(Рец. на кн.: Жолковский А.К. Михаил Зощенко: поэтика недоверия. М., 1999)
Опубликовано в журнале НЛО, номер 2, 2000
Провозвестником основной идеи этой книги можно считать Владимира Набокова, который (вслед за Пушкиным) второе «наше все». В интервью Альфреду Аппелю (сентябрь 1966 г.) на вопрос: «Нравятся ли вам какие-либо писатели, целиком принадлежащие советскому периоду?» — он отвечает так: «Было несколько писателей, обнаруживших, что если они станут придерживаться определенных сюжетов и персонажей, то сумеют вывернуться — политическом смысле… В итоге Ильф с Петровым, Зощенко и Олеша ухитрились опубликовать несколько безупречных по качеству литературных произведений…» Поправим мэтра. «Вывернуться» — да, только вот не в политическом смысле, а в экзистенциальном. Книга Жолковского о том, как Зощенко «выворачивался», сочиняя «определенные сюжеты и персонажи», «придерживаясь» их; и о том, как он, в конце концов, смог исхитриться и попасть в самые что ни на есть советские писатели вместе с Пастернаком и Ахматовой.

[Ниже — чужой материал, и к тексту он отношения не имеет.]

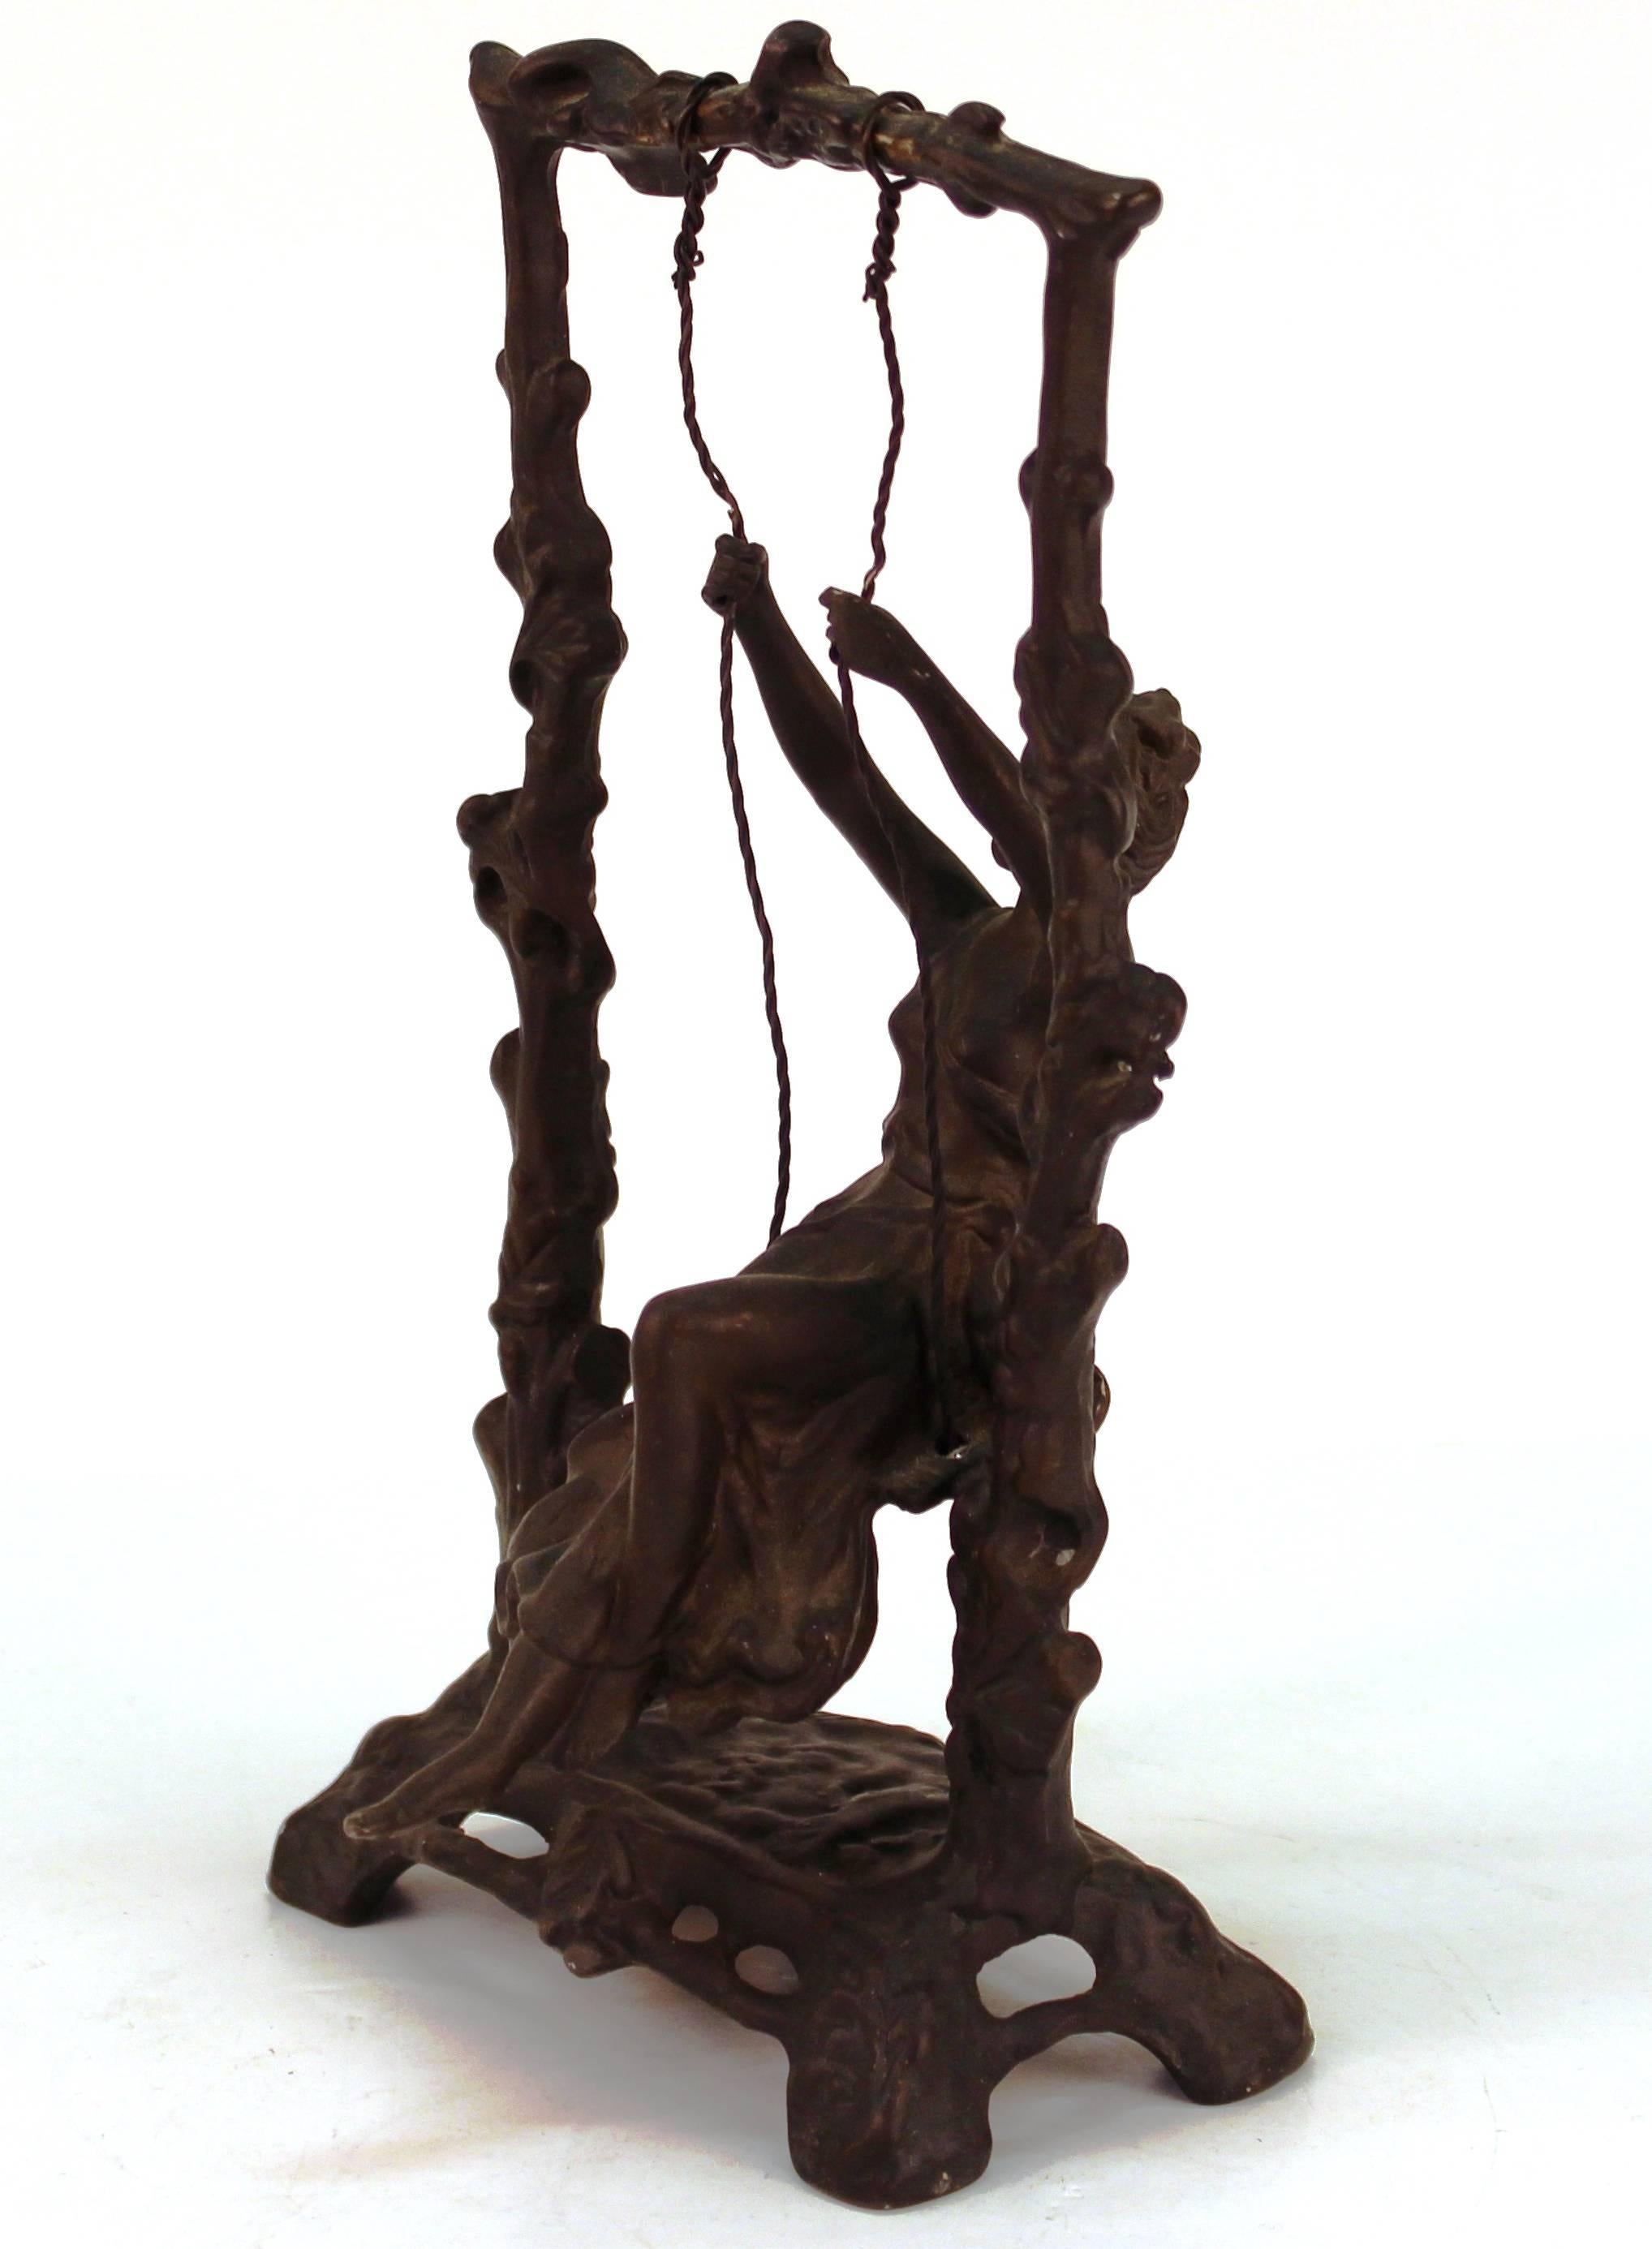 An Art Nouveau bronze sculpture of a girl on a swing, after Auguste Moreau. The piece is marked 'TD' on the bottom and is in good vintage condition.

«Михаил Зощенко: поэтика недоверия» — чрезвычайно удачно сконструированная книга. Автор собрал свои разрозненные статьи о Зощенко и, разместив их вместе, в определенной последовательности, вдруг обнаружил, что писал все время один и тот же текст; в результате все пятнадцать глав книги не выглядят собраньем пестрым; основная идея пронизывает их как шампур, не лишая, впрочем, каждый кусочек особого вкуса. Общие, «мотивные» главы сменяются частями, посвященными разбору отдельных текстов, причем разбор этот идет по одной схеме: сначала — «о чем» текст, затем — «контекст», затем — имеющиеся «интерпретации» и «интертекстуальные связи», наконец — выделение намеченных ранее «инвариантов» и финальная «реинтерпретация». На десерт (продолжая гастрономическую метафору, для Зощенко актуальную) автор оставил превосходные приложения, прежде всего — «Указатель понятий и мотивов», где «читатель найдет перечень и некоторую группировку зощенковских инвариантов; однако от сведения их в жесткую иерархию и выделения в особый раздел я сознательно воздержался» (с. 9). И правильно: помимо несомненной научной, этот указатель имеет очевидную художественную ценность; борхесианская идея каталога явлена здесь во всем своем великолепии — мало кто откажется от удовольствия побродить среди причудливых (и жутковатых) страхов и неврозов «жизнерадостного сатирика». Вот лишь один из них (цитирую без индекса страниц): «рука — passim; андрогинная, женская; жесты; заразность; захват, арест; крупный план, голая; лапа; на ручках, под руку; обезвреживание, медиация; отпор; отсечение, безрукость; отъем, хватание, «цоп»; пишущая, авторская; повреждение; позитивная; рукопожатие; сильная/слабая; «ручные» тропы и каламбуры; собственная; чужая, агрессивная, карающая» (с. 376-377). Обратите внимание: даже простое перечисление имеет свою логику и сюжет: оно начинается с руки «женской, андрогинной», а заканчивается рукой «чужой, карающей, агрессивной». Вот вам и весь сюжет о грехопадении.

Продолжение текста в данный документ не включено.